The Protek Solo 24 Fr Venous Cannula is intended to cannulate vessels or organs and/or connect with accessory extracorporeal circulatory support equipment. The introducer is intended to facilitate proper insertion and placement of the cannula within the vessel for extracorporeal circulatory support. These devices are to be used by a trained physician only.

The Protek Solo 24 Fr Venous Cannula Set consists of two components: a 24 Fr single lumen cannula and a 21 Fr. Introducer. The Introducer is designed to accept a standard 0.038 inch guidewire. The Protek Solo 24 Fr Venous Cannula Set is intended as a single patient, single use, sterile device.

A. 24 Fr Venous Cannula
The 24 Fr Venous Cannula (Figure 1) consists of a single lumen made of polyurethane with a wire-reinforced cannula body. The cannula has an insertable length of 60 cm. The distal section (insertable length) is 24 Fr with sixteen side holes spanning the distal 6.6" (16.8 cm) of the cannula. The proximal section of the cannula is clear and not wire-reinforced to allow visualization of blood and to enable clamping to prevent blood flow during set-up and removal. A non-vented barbed connector is affixed to the proximal end of the cannula and allows for connection of standard 3/8" blood circuit tubing. The cannula has printed insertion depth markings every 10 centimeters from 10 to 40 cm followed by every 2 centimeters for the rest of the insertable length measured from the distal end. The cannula also has a suture wing that can be used for securing the cannula in place to the patient.

B. Introducer
The 21 Fr introducer (Figure 2) consists of a PVC tube with a PVC hub. The introducer fits inside the inner lumen of the cannula during insertion of the cannula/introducer assembly. The introducer (Figure 2) is used to advance the cannula over a guidewire and facilitate cannula placement within the target vessel. The introducer has a hub at its proximal end to manage introducer insertion and removal from the cannula. The hemostasis cap minimizes blood loss when the cannula/introducer assembly is inserted into the target vessel. The introducer body is constructed from radiopaque PVC material for visualization under fluoroscopy.

Below is the information regarding the acceptance criteria and study for the Protek Solo 24 Fr Venous Cannula Set, as extracted from the provided document:

1. Table of Acceptance Criteria and Reported Device Performance

2. Sample Size Used for the Test Set and Data Provenance

The document does not specify the exact sample sizes (number of devices) used for each individual test. It consistently refers to "all tests" or testing of "the cannula, the introducer, and the cannula/introducer assembly," implying that a sufficient number of units were tested to draw conclusions.

The data provenance is from bench-top testing conducted by Cardiac Assist, Inc. The document does not specify the country of origin of the data beyond the company's location in Pittsburgh, Pennsylvania, USA. The studies are retrospective in the sense that they are assessing conformance against predetermined criteria, rather than a prospective clinical trial.

3. Number of Experts Used to Establish the Ground Truth for the Test Set and Their Qualifications

This section is not applicable as the document describes bench-top engineering and performance testing for a medical device (venous cannula and introducer), not a diagnostic or AI-assisted device that requires human expert review for ground truth establishment. The "ground truth" here is defined by engineering specifications and comparative performance against a predicate device.

4. Adjudication Method for the Test Set

This section is not applicable for the same reasons as above. The tests performed are objective physical and performance measurements, not subjective evaluations requiring adjudication.

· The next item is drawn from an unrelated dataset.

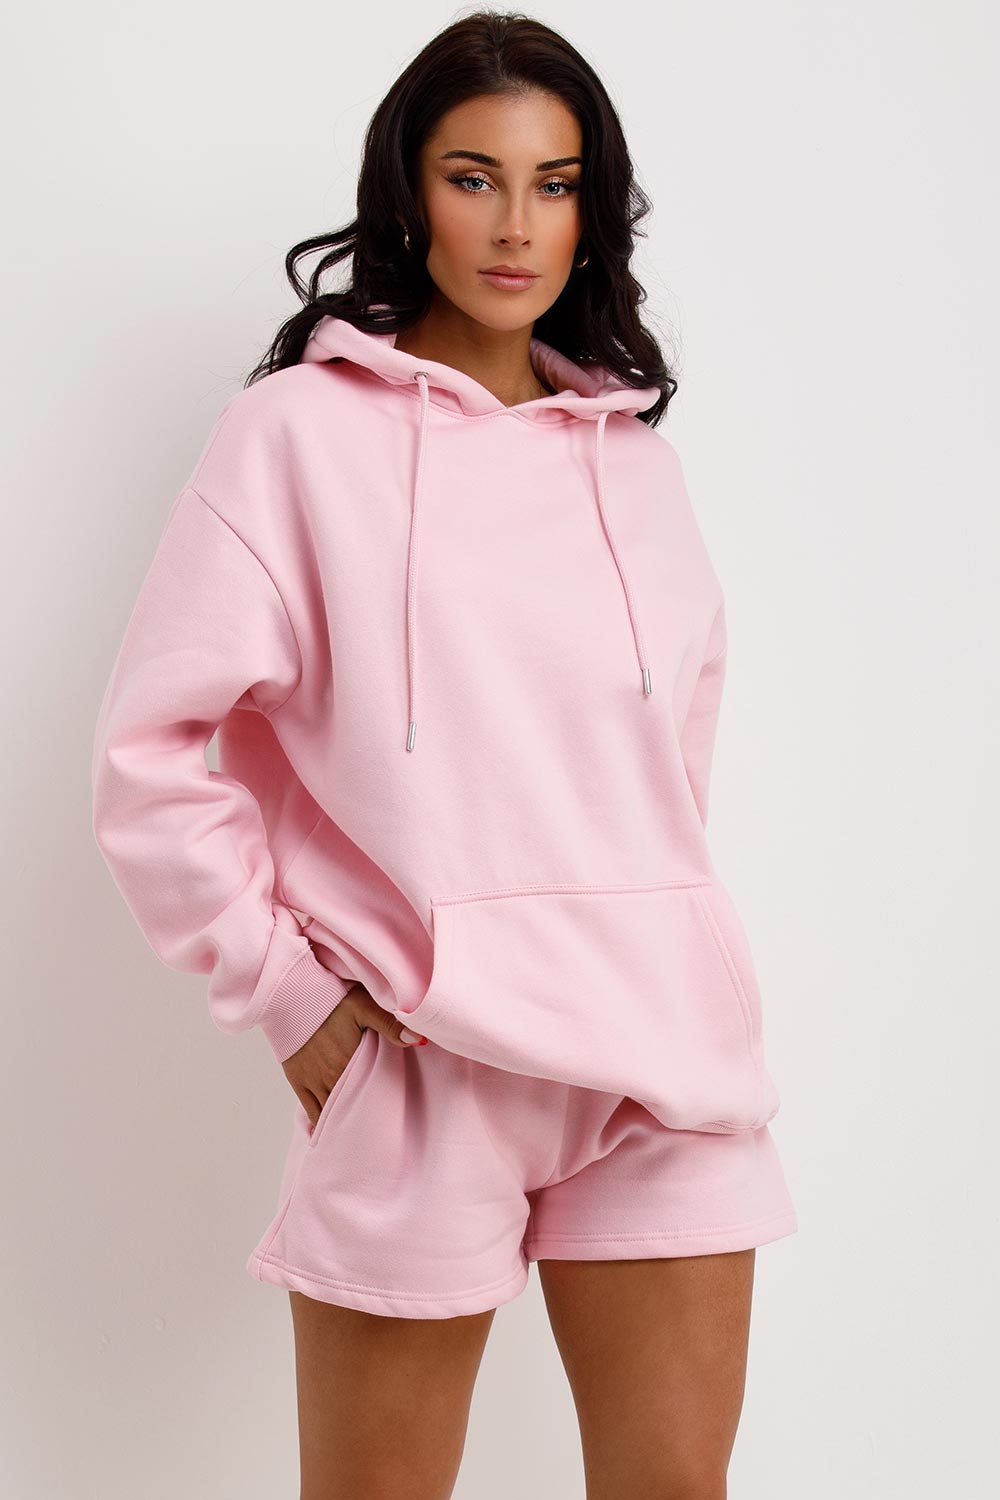 hooded sweatshirt and shorts tracksuit set pink loungewear set

5. If a Multi Reader Multi Case (MRMC) Comparative Effectiveness Study Was Done

No, a Multi Reader Multi Case (MRMC) comparative effectiveness study was not done. This type of study is relevant to diagnostic imaging interpretation or other scenarios where human reader performance is being evaluated and compared, typically in the context of AI assistance. The described tests are for the physical and functional characteristics of a medical device.

Effect size of human reader improvement with AI vs. without AI assistance: Not applicable, as this was not an AI-assisted device or study.

6. If a Standalone (i.e., algorithm only without human-in-the-loop performance) Was Done

No, a standalone (algorithm-only) performance study was not done. This device is a physical medical instrument (venous cannula and introducer), not an algorithm or AI system.

7. The Type of Ground Truth Used

The "ground truth" for these tests was based on:

• Engineering specifications and design requirements for the new device.
• Comparative performance against legally marketed predicate devices (TandemHeart 21 Fr Venous Cannula and Protek Duo Veno-Venous Cannula Introducer), which serve as the established benchmark for safety and effectiveness for similar devices.

8. The Sample Size for the Training Set

This section is not applicable. The document describes the testing of a physical medical device, not an AI or machine learning model that would require a training set.

9. How the Ground Truth for the Training Set Was Established

This section is not applicable for the reasons stated above. There was no training set, as this is not an AI/ML device.